I have a really, really poor understanding around security and safety when building websites – what I want to do is store the information the user enters to log in into a cookie so that I can do two things:

1. Check the cookie from flash (via a php file) to grab information about a logged in user (if at all). This will be used for highscore APIs, etc.
2. Automatically log in a user when they come back to my site.

The site itself doesn’t really have any important information etc, so I mean it doesn’t have the be the most secure thing on earth (or even close).

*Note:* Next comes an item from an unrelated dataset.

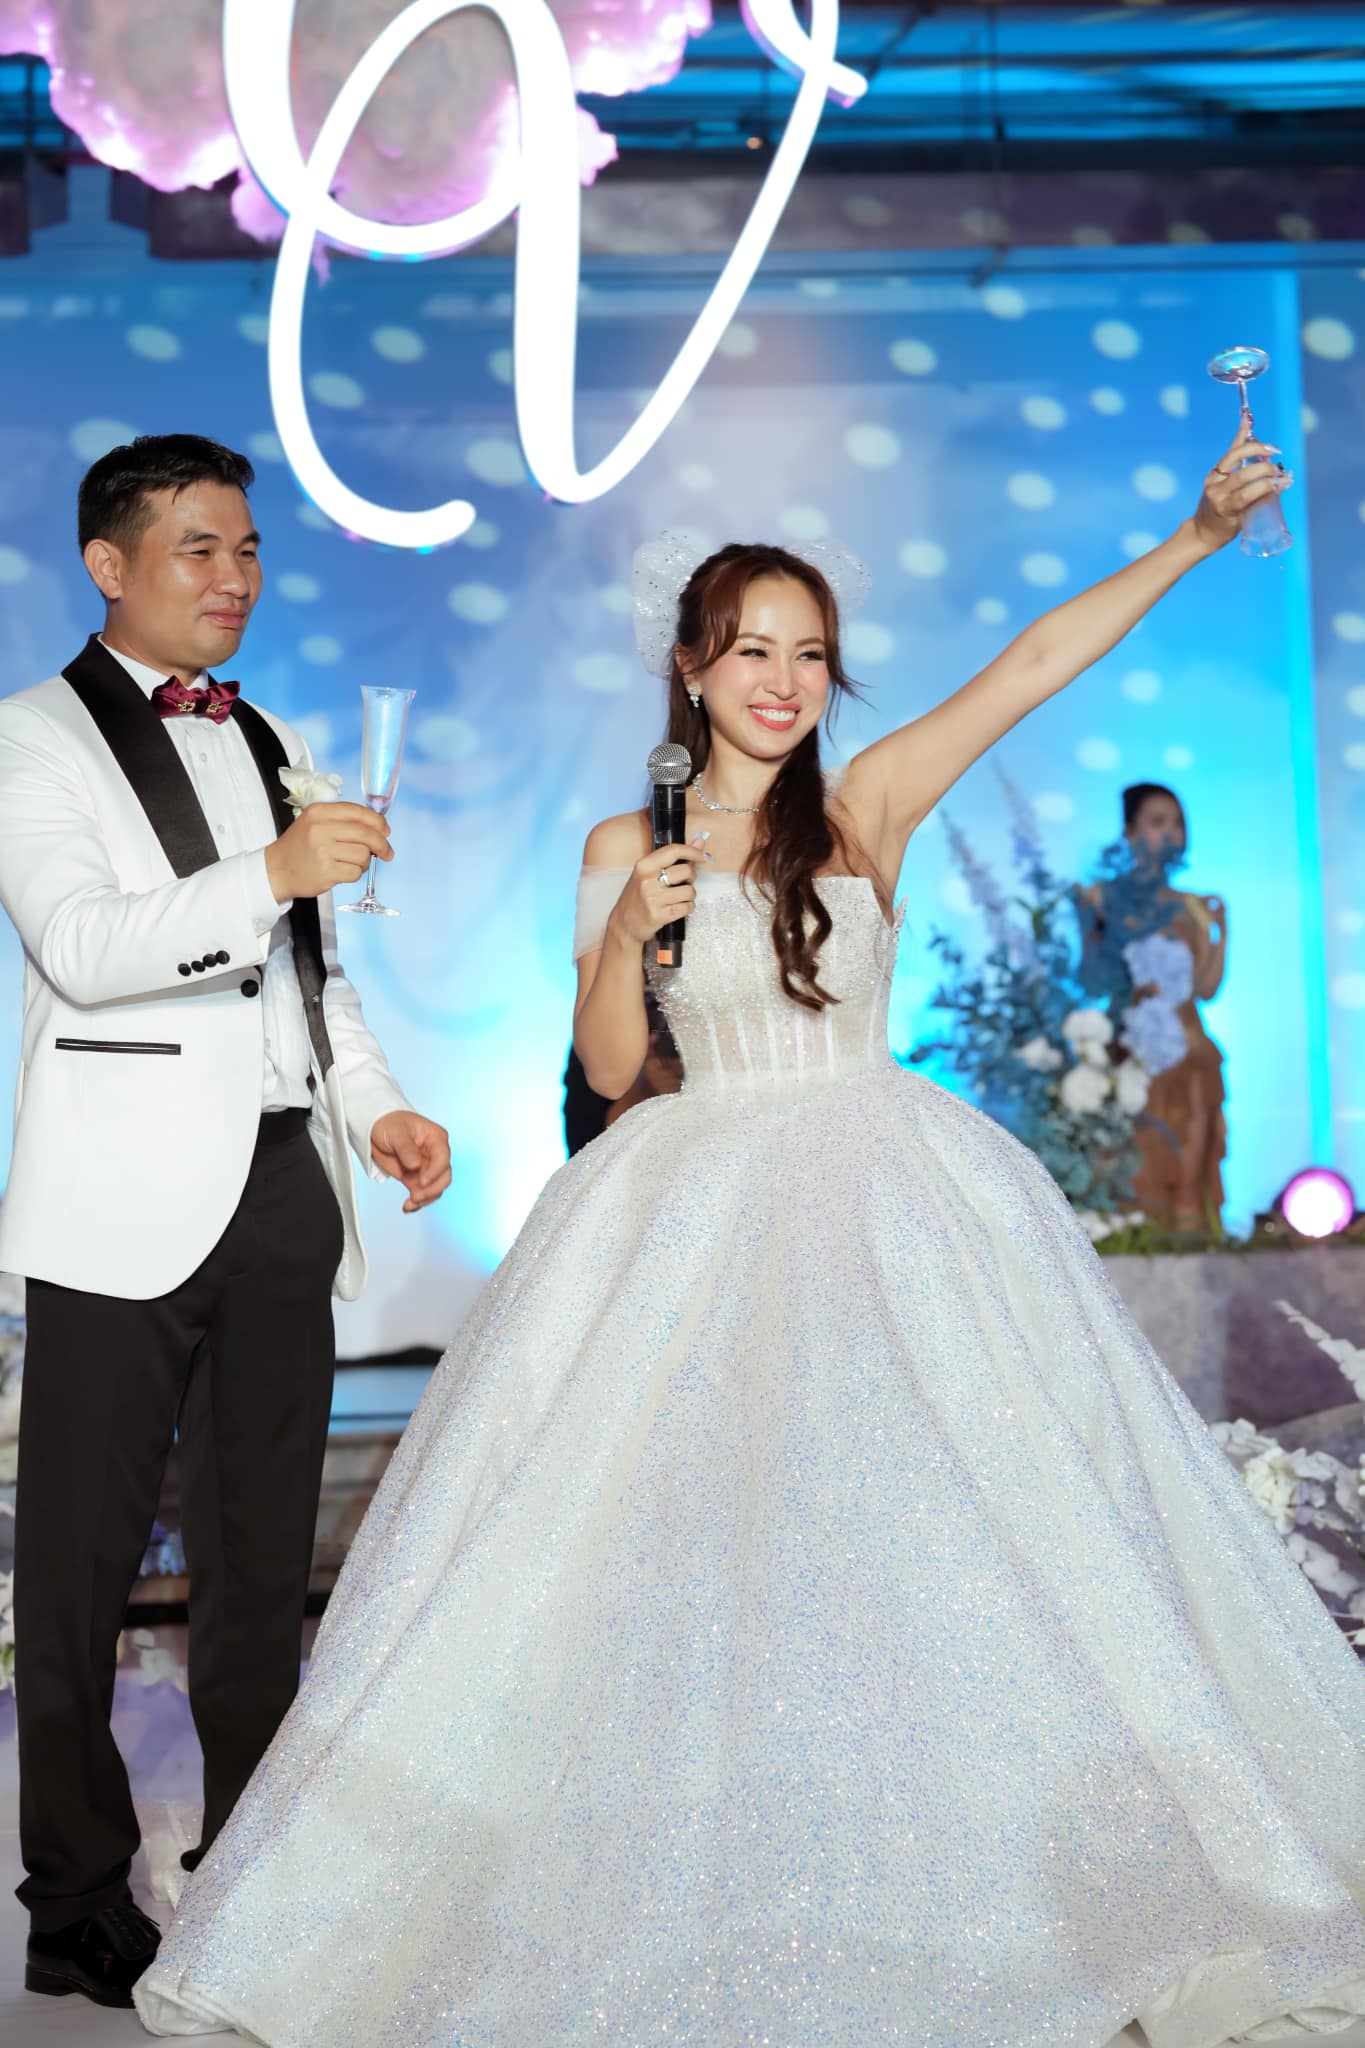 'Kiếp nạn' bóc phòng bì tiền mừng cưới của Thanh Vân Hugo, khuyên nên chuyển khoản hoặc đi polime - ảnh 3

But I’d like it to not be tampered with if possible.

From my understanding, storing user information in a cookie can be bad because the user can just alter the cookie and be logged in as someone else.

I was thinking; is it reasonably safe to do something like this?:

1. When the user logs in, store an MD5’d version of their email address (used to log in). This way at least it’s extremely unlikely that they will be able to modify the information to reflect another user in the database.
2. Because someone could just MD5 an email address that they know someone else uses for the site and change their cookie to reflect that, should I maybe store their MD5’d password alongside it and then use these to attempt a login at every page? Only thing is that this seems like it would be slow/non-strategic because it’s needing to basically re-login with the information in the cookie every page.

This approach probably seems really strange, but would it work fine? The main requirement I have is that if the user is logged into my site, playing my flash games anywhere on the internet will automatically pick up that they’re logged in and work with their information.